In 3rd Embodiment, as shown in FIG. 5, several hot water supply apparatus 100A-100C is provided. In the illustration of FIG. 5, three hot water supply apparatuses 100 </ b> A to 100 </ b> C are provided, but it is sufficient that two or more hot water supply apparatuses are provided. Each of hot water supply apparatuses 100A to 100C has the same configuration as the hot water supply apparatus according to the first or second embodiment. Therefore, detailed description of the configuration of the hot water supply apparatuses 100A to 100C is omitted.

  However, as shown in FIG. 5, the first hot water supply paths 20 of the hot water supply apparatuses 100 </ b> A to 100 </ b> C are connected to each other and connected to the hot water supply unit 7 (for example, a dishwasher).
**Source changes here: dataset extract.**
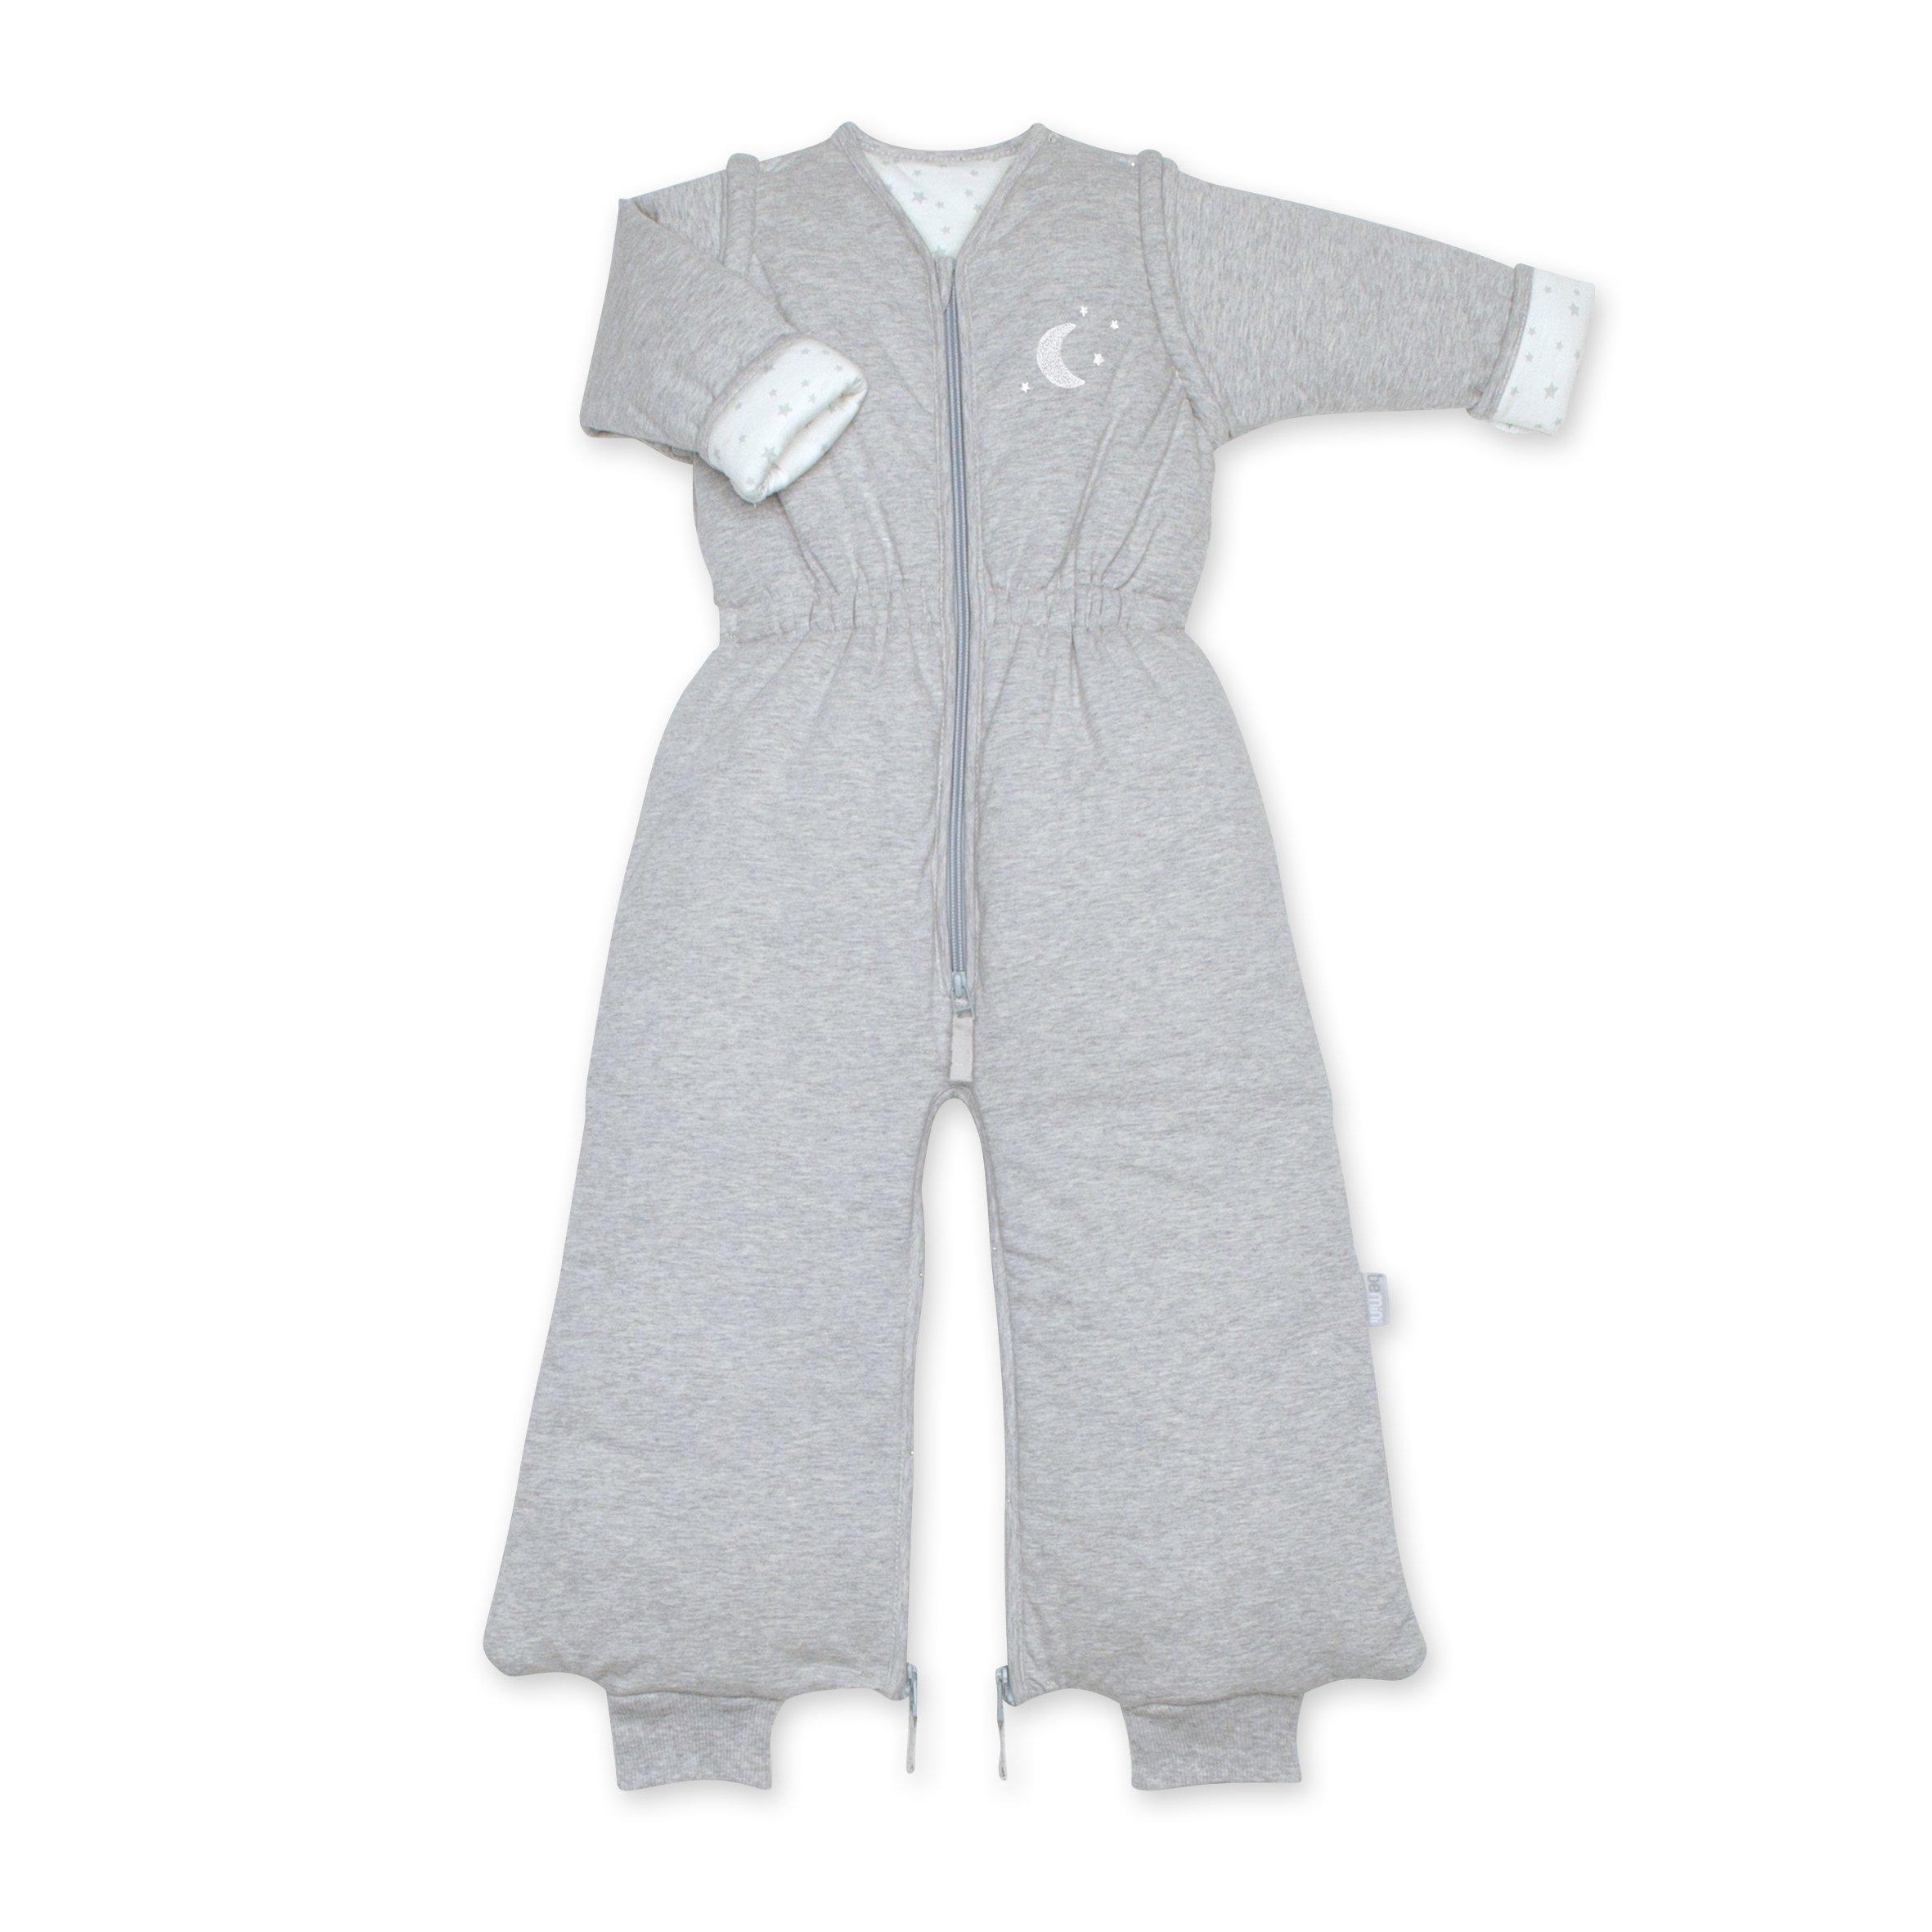 bemini by Baby Boum 161stary95jm bolsa saco de dormir de Pady Jersey Algodón 6–24meses

In the illustration of FIG. 5, each of the first hot water supply paths 20 is connected to a common path 25 on the downstream side of the first valve 21, and is connected to the hot water supply section 7 via the path 25.

  The second hot water supply paths 35 of the hot water supply apparatuses 100A to 100C are connected to each other and connected to the hot water supply section 8 (for example, a hot water faucet for a bath, a kitchen, or a wash basin). Each of the second hot water supply paths 35 is also connected to a common path 36 on the downstream side of the second valve 31, and is connected to the hot water supply unit 8 via the path 36.

  Also in such a hot water supply system, each of the hot water supply devices 100A to 100C operates as described in the first or second embodiment. Accordingly, it is possible to suppress running out of hot water.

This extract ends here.